## TASK STATEMENT
Your answer should be exactly the lines from the one that contains "Baystory Men’s Sling Bag MBB24132 - Baystory" through the final line of the entries below, and nothing else.

## DATA UNDER STUDY

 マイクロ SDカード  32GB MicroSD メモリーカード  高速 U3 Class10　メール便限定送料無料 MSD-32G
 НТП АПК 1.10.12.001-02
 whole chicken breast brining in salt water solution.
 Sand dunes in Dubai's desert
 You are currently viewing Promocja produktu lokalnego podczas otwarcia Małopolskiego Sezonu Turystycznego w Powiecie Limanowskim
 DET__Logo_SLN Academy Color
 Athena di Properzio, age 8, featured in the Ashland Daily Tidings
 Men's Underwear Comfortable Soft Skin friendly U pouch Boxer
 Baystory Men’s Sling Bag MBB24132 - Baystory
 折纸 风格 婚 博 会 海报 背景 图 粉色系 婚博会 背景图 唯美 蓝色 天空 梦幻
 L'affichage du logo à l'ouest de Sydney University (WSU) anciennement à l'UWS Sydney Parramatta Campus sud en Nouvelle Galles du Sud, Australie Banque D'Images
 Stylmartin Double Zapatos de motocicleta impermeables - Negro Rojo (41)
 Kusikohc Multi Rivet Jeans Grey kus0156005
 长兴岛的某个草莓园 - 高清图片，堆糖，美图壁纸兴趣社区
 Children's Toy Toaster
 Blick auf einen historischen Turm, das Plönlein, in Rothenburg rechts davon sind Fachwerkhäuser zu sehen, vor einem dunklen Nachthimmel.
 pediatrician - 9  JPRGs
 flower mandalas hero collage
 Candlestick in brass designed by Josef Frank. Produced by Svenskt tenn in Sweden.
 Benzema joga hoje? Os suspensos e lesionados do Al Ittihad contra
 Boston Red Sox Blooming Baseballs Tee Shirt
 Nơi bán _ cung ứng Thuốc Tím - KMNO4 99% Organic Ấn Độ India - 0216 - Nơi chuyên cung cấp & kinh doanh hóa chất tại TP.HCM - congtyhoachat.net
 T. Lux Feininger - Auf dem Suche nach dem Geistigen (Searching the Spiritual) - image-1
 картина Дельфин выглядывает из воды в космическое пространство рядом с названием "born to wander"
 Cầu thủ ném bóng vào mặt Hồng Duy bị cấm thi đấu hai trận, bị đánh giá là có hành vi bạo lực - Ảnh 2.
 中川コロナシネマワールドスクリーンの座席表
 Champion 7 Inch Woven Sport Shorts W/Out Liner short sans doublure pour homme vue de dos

## RESULT OF THIS EXERCISE
 Baystory Men’s Sling Bag MBB24132 - Baystory
 折纸 风格 婚 博 会 海报 背景 图 粉色系 婚博会 背景图 唯美 蓝色 天空 梦幻
 L'affichage du logo à l'ouest de Sydney University (WSU) anciennement à l'UWS Sydney Parramatta Campus sud en Nouvelle Galles du Sud, Australie Banque D'Images
 Stylmartin Double Zapatos de motocicleta impermeables - Negro Rojo (41)
 Kusikohc Multi Rivet Jeans Grey kus0156005
 长兴岛的某个草莓园 - 高清图片，堆糖，美图壁纸兴趣社区
 Children's Toy Toaster
 Blick auf einen historischen Turm, das Plönlein, in Rothenburg rechts davon sind Fachwerkhäuser zu sehen, vor einem dunklen Nachthimmel.
 pediatrician - 9  JPRGs
 flower mandalas hero collage
 Candlestick in brass designed by Josef Frank. Produced by Svenskt tenn in Sweden.
 Benzema joga hoje? Os suspensos e lesionados do Al Ittihad contra
 Boston Red Sox Blooming Baseballs Tee Shirt
 Nơi bán _ cung ứng Thuốc Tím - KMNO4 99% Organic Ấn Độ India - 0216 - Nơi chuyên cung cấp & kinh doanh hóa chất tại TP.HCM - congtyhoachat.net
 T. Lux Feininger - Auf dem Suche nach dem Geistigen (Searching the Spiritual) - image-1
 картина Дельфин выглядывает из воды в космическое пространство рядом с названием "born to wander"
 Cầu thủ ném bóng vào mặt Hồng Duy bị cấm thi đấu hai trận, bị đánh giá là có hành vi bạo lực - Ảnh 2.
 中川コロナシネマワールドスクリーンの座席表
 Champion 7 Inch Woven Sport Shorts W/Out Liner short sans doublure pour homme vue de dos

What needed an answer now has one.